The composable design and bridging alignment enable CoDi to achieve any-to-any generation with high quality using linear rather than exponential objectives. Detailed model architecture and training techniques are provided for the image, video, audio and text diffusion models.
In summary, the methodology centers on an aligned training approach using bridging alignment and composable generation with cross-attention to create a versatile multimodal generative model capable of flexible many-to-many generation.
High-Level Pseudo Code
Here is the high-level pseudo code for the Composable Diffusion (CoDi) method proposed in the paper:
# Train individual diffusion models
text_diffusion = train_text_diffusion()
image_diffusion = train_image_diffusion()
video_diffusion = train_video_diffusion()
audio_diffusion = train_audio_diffusion()
# Bridging alignment for conditioning
align_prompts(text_diffusion, image_diffusion)
align_prompts(text_diffusion, audio_diffusion)
align_prompts(text_diffusion, video_diffusion)
# Composable generation
add_cross_attention(image_diffusion, text_diffusion)
align_latent_spaces(image_diffusion, text_diffusion)
train_cross_attention(image_diffusion, text_diffusion)
add_cross_attention(audio_diffusion, text_diffusion)
align_latent_spaces(audio_diffusion, text_diffusion)
train_cross_attention(audio_diffusion, text_diffusion)
add_cross_attention(video_diffusion, audio_diffusion)
align_latent_spaces(video_diffusion, audio_diffusion)
train_cross_attention(video_diffusion, audio_diffusion)
# Any-to-any generation
generate(text, video_diffusion, audio_diffusion)

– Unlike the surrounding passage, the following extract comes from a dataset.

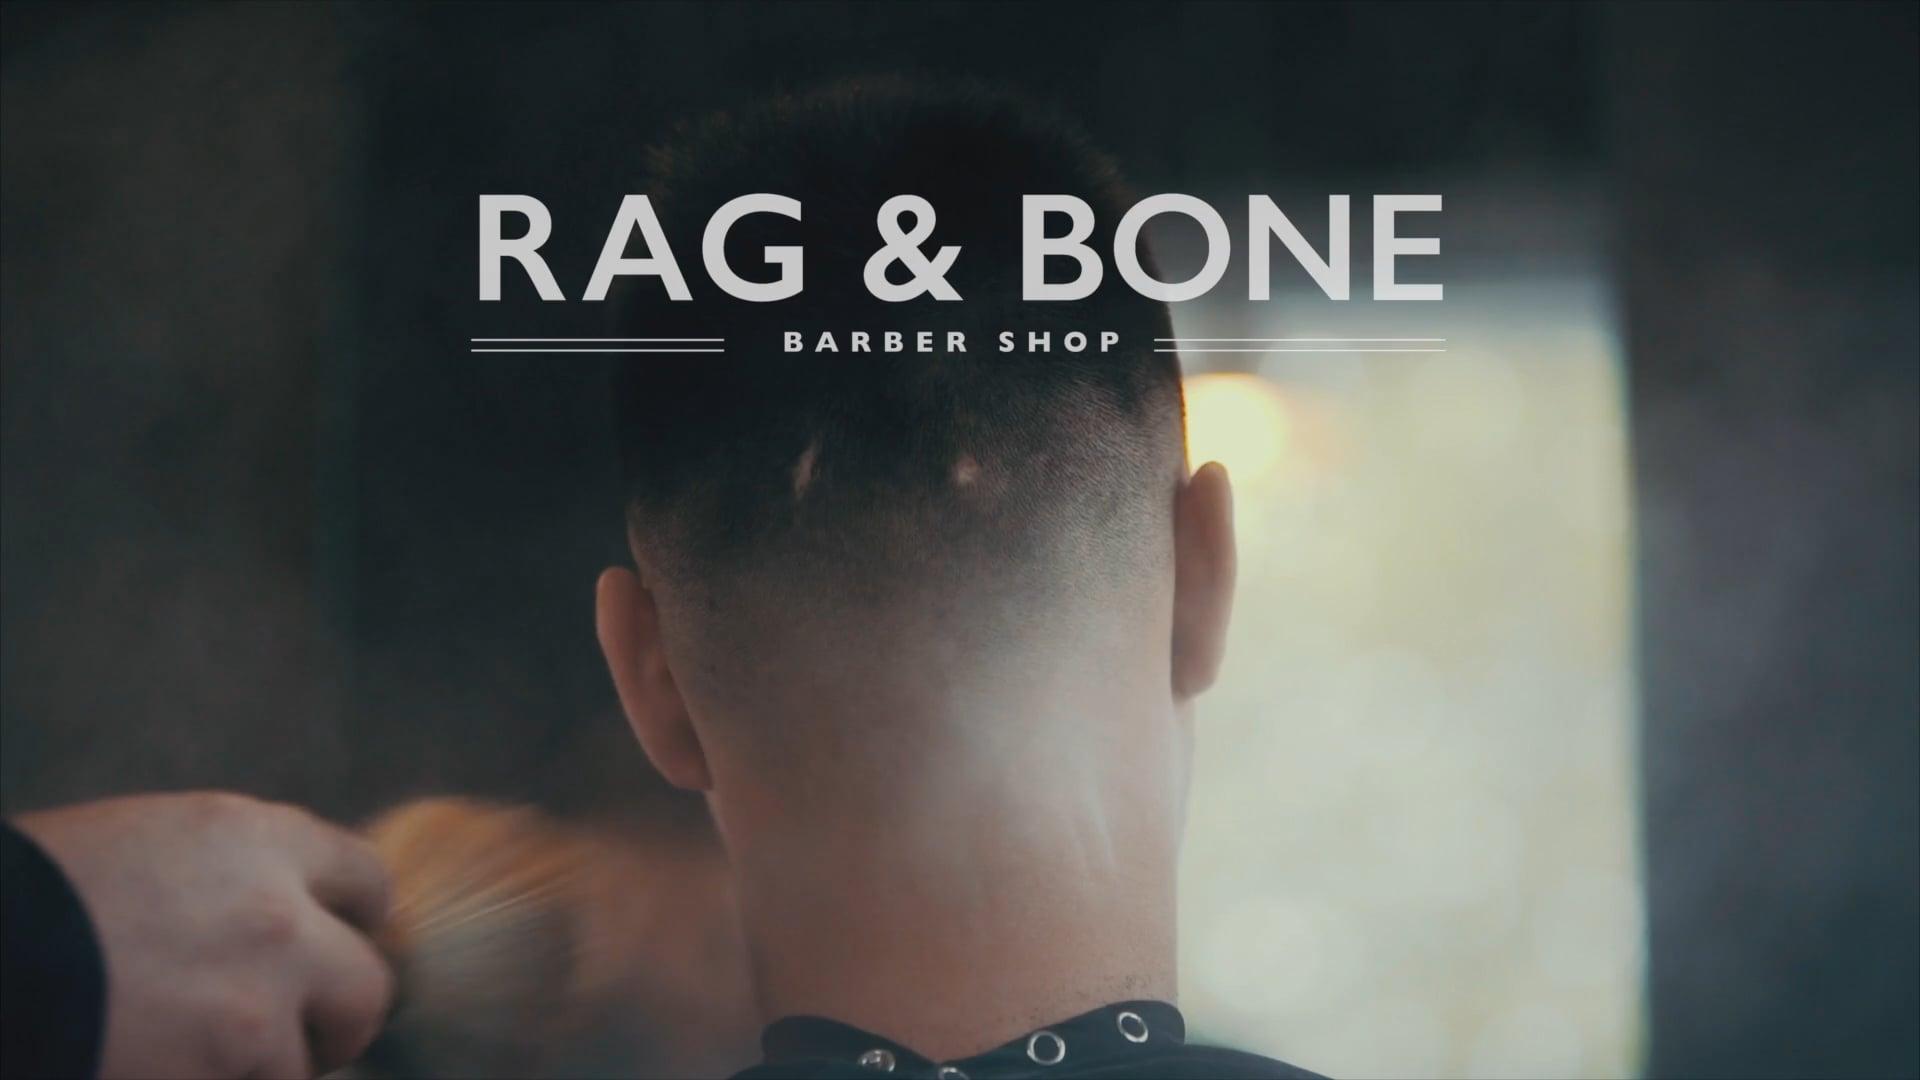 Rag & Bone Barber Shop

generate(text, image_diffusion, audio_diffusion)
generate(image, video_diffusion, audio_diffusion)
In summary, the key steps are:
- Train individual diffusion models
- Align conditioning spaces using bridging alignment
- Add cross-attention and align latent spaces
- Train cross-attention modules for composable generation
- Perform any-to-any generation using the aligned and composable models
Detailed Pseudo Code
Unfortunately the paper does not provide sufficient algorithmic details to fully implement the Composable Diffusion (CoDi) model in code. However, I can provide a more detailed pseudo code outline of the key components and training process:
# Diffusion Models
class TextDiffusionModel(nn.Module):
# Details of text diffusion model architecture
class ImageDiffusionModel(nn.Module):
# Details of image diffusion model architecture
class VideoDiffusionModel(nn.Module):
# Details of video diffusion model architecture
class AudioDiffusionModel(nn.Module):
# Details of audio diffusion model architecture
# Bridging Alignment
def align_prompts(text_model, other_model):
# Use text as bridge modality
# Contrastive loss between text and other modality embeddings
# Composable Generation
def add_cross_attention(model_A, model_B):
# Add cross attn layers in model_A UNet
# Attend to model_B's latent variable
def align_latent_spaces(model_A, model_B):
# Environment encoders VA and VB
# Contrastive loss between VA(zA) and VB(zB)

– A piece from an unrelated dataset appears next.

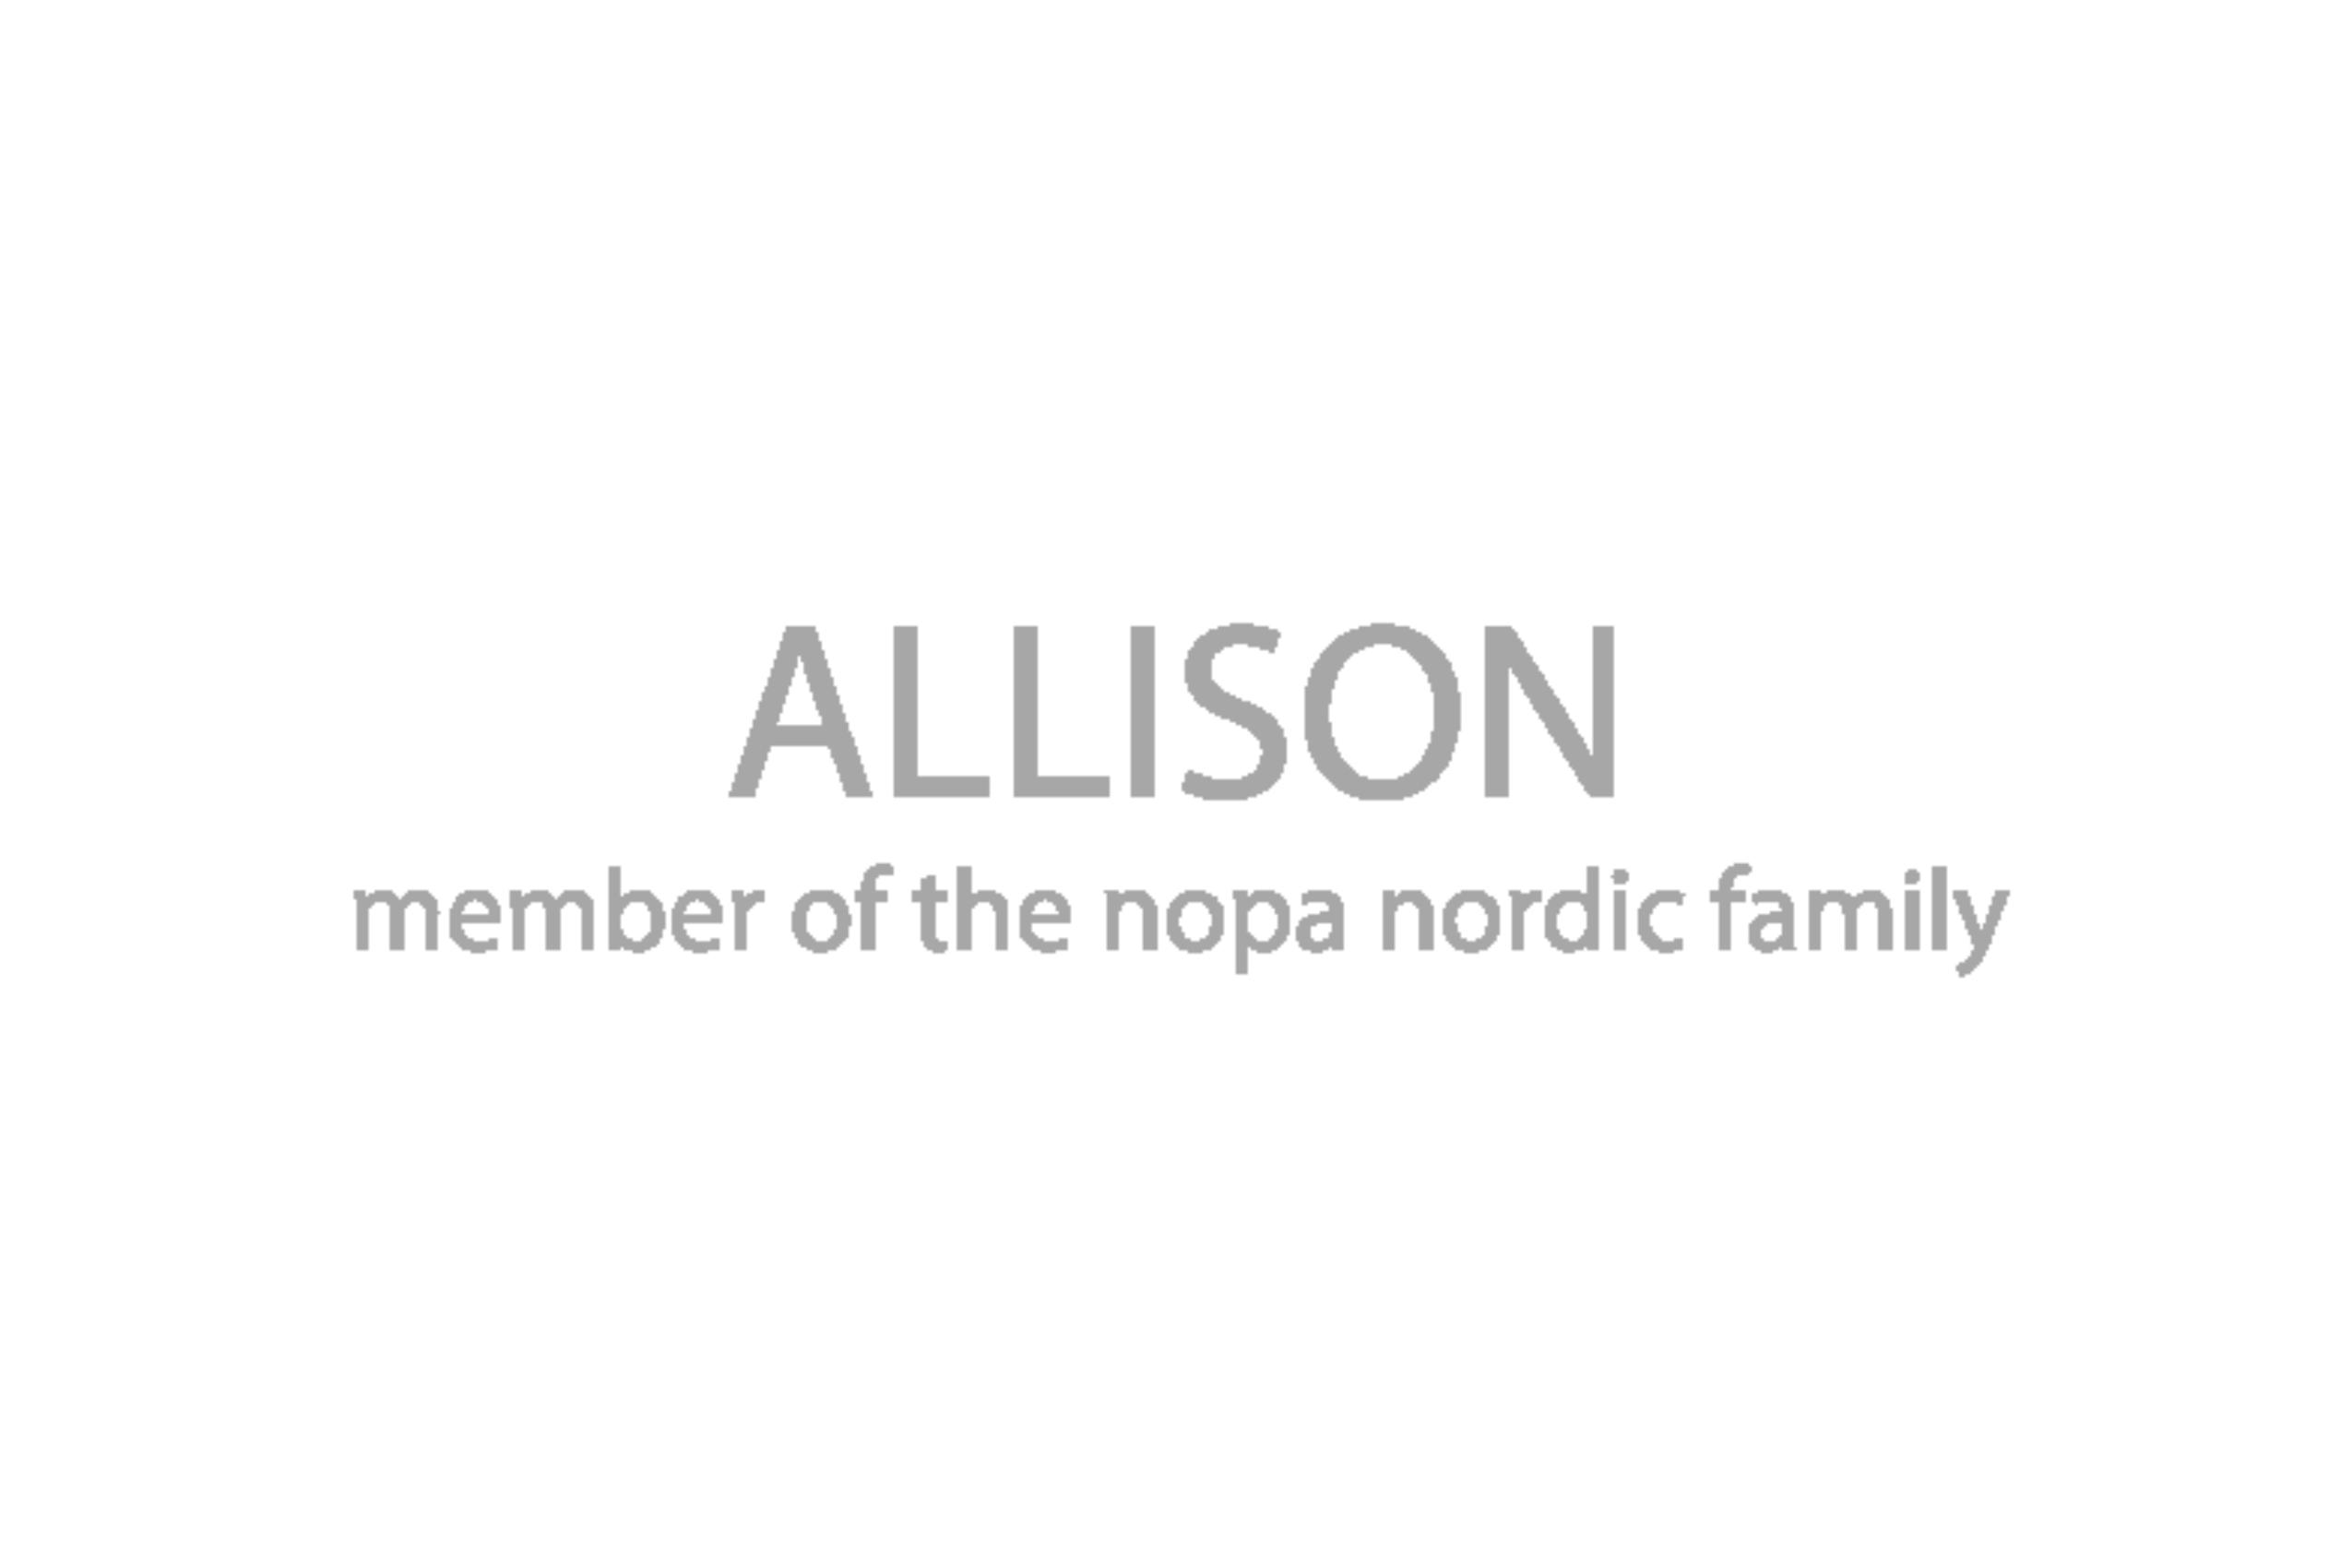 https://europeanplasticspact.org/wp-content/uploads/2021/05/allison-2.png

def train_cross_attention(model_A, model_B):
# Train model_A with cross attn to model_B latent variable
# Generation loss + contrastive latent alignment loss
# Training Loop
for text, image in text_image_data:
text_model_step(text)
image_model_step(image)
align_prompts(text_model, image_model)
# Additional bridging alignment steps for other modalities
add_cross_attention(text_model, image_model)

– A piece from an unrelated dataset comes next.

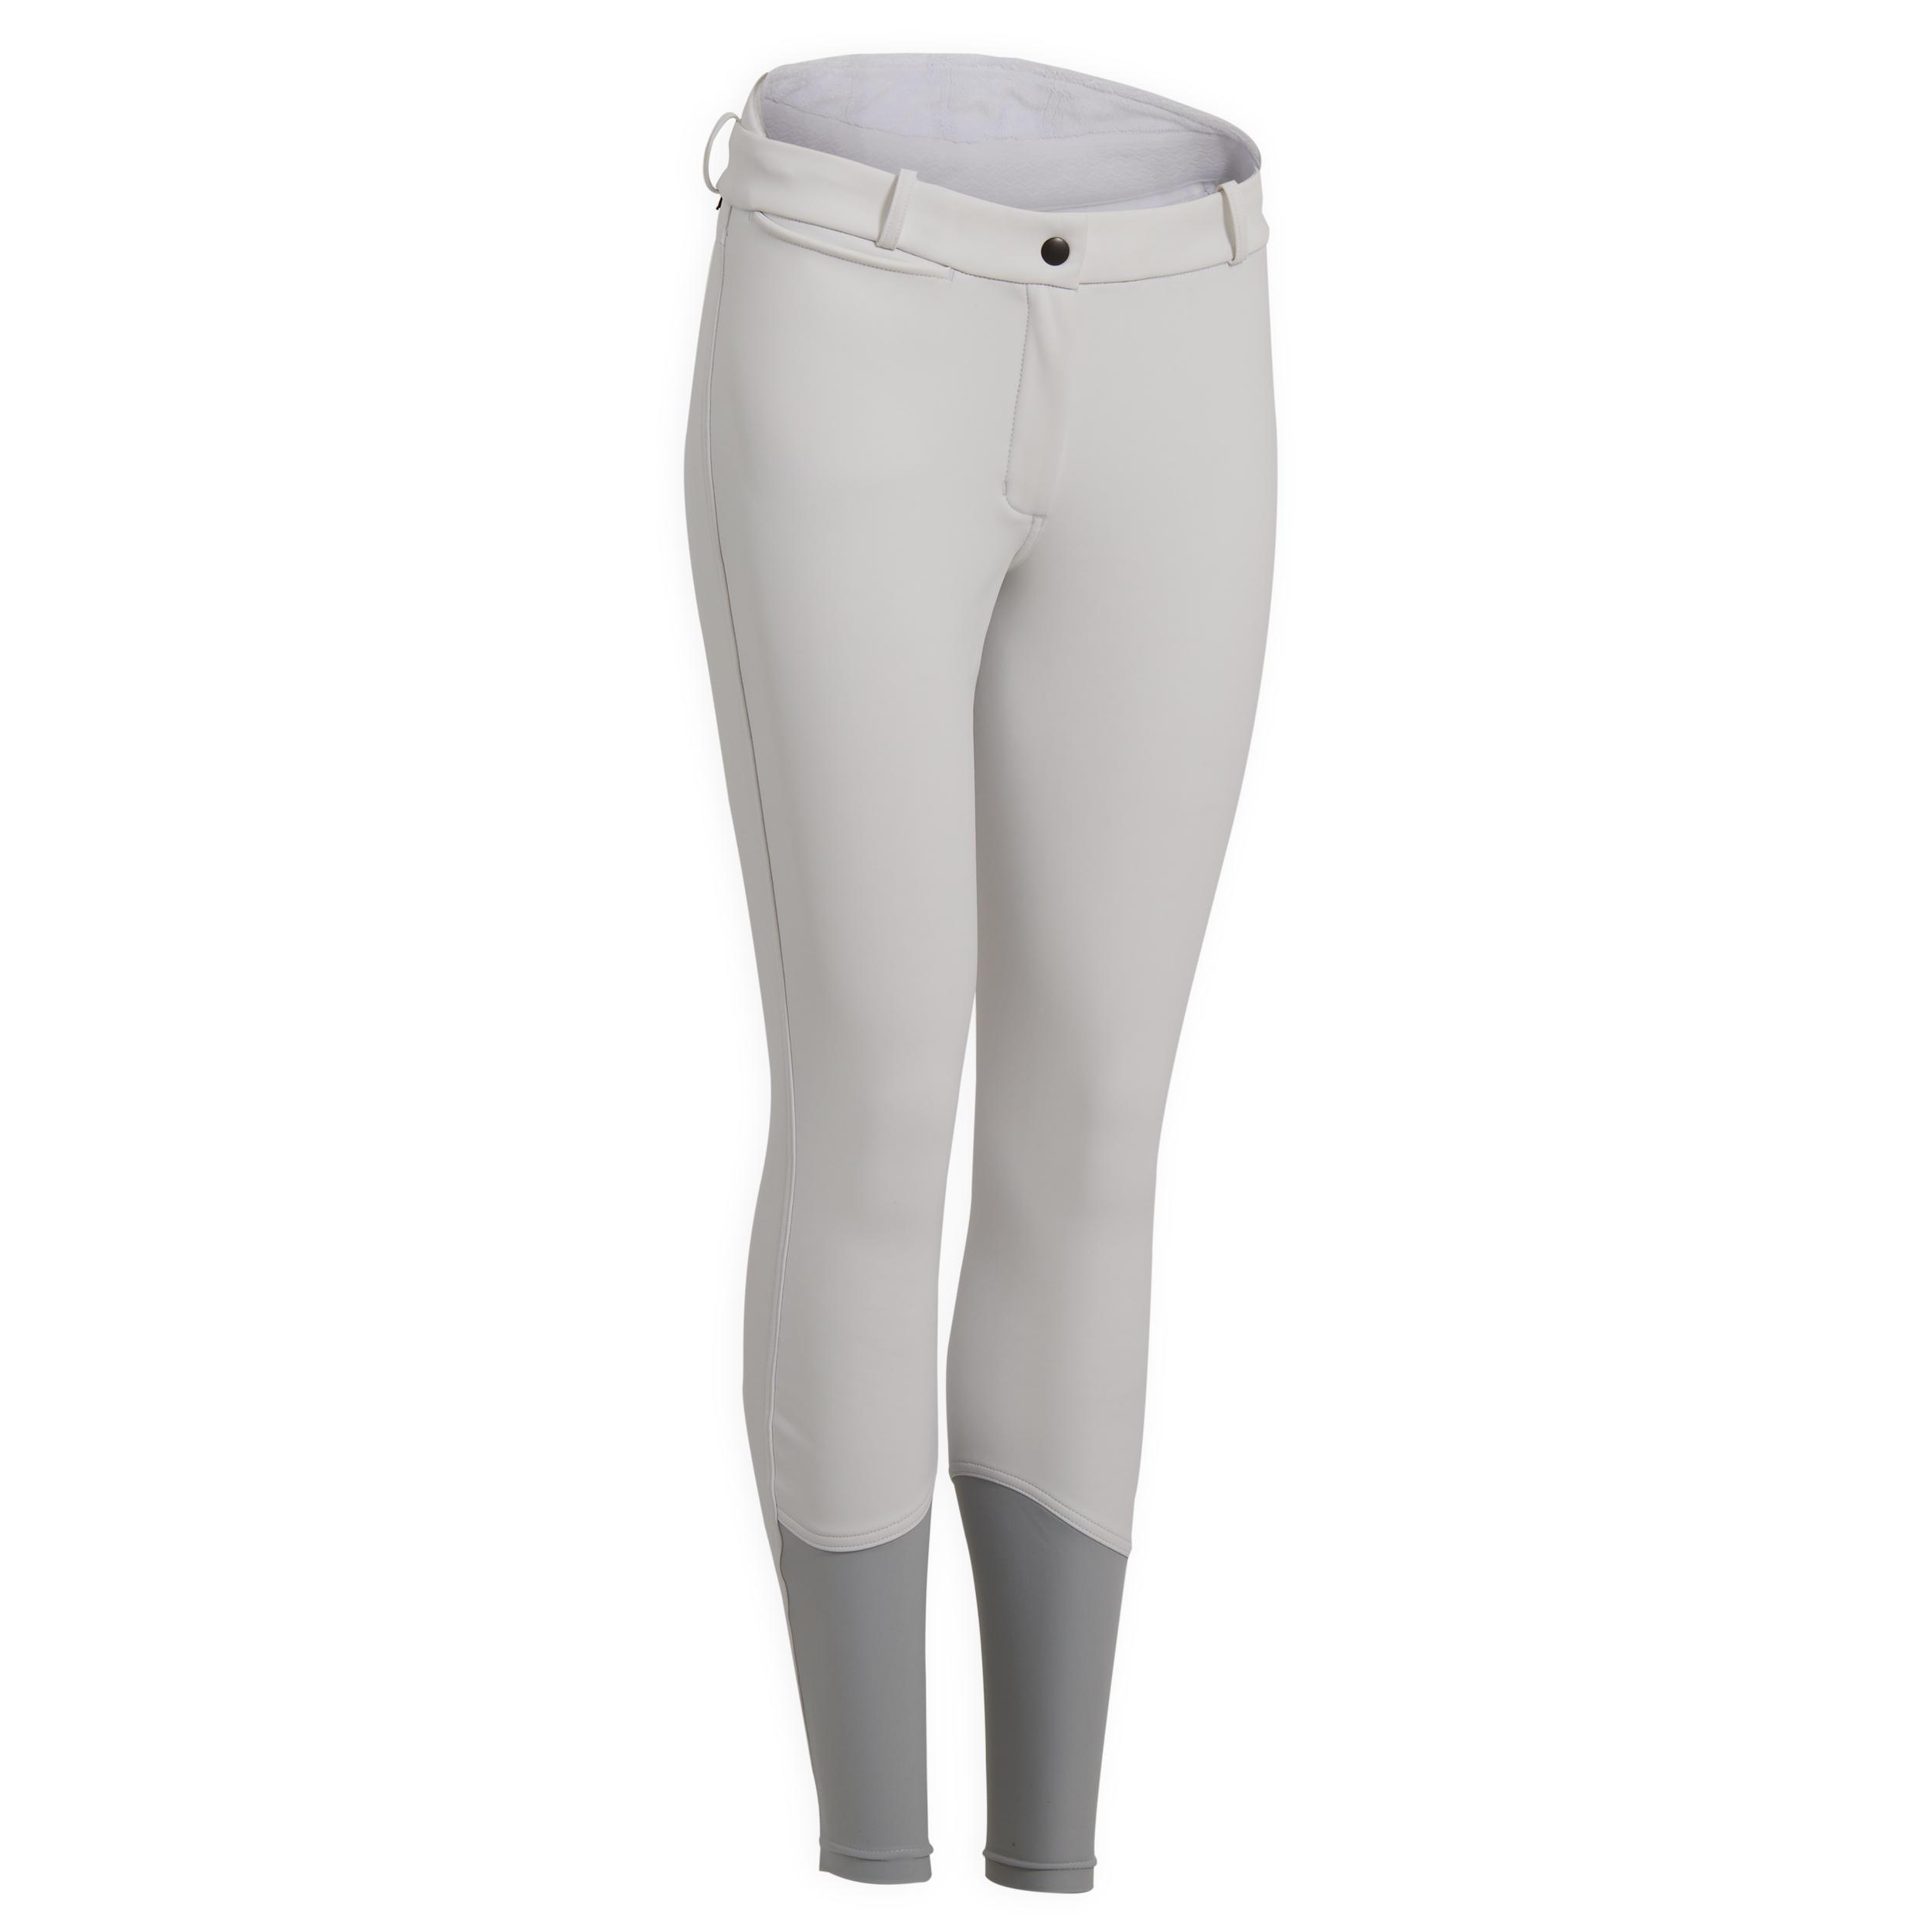 Pantalon Kipwarm Impermeabil imagine produs

align_latent_spaces(text_model, image_model)
for text, image in text_image_data:
train_cross_attention(text_model, image_model)
# Cross attention training for other modality pairs
# Any-to-any generation
text_emb = text_model.encode(text)
image_emb = image_model.encode(image)
video, audio = generate(text_emb + image_emb, video_model, audio_model)
The key aspects are bridging alignment of conditioning spaces, adding cross-attention between diffusion models, aligning their latent spaces, and composable training of the cross-attention modules. This enables any-to-any generation between the modalities.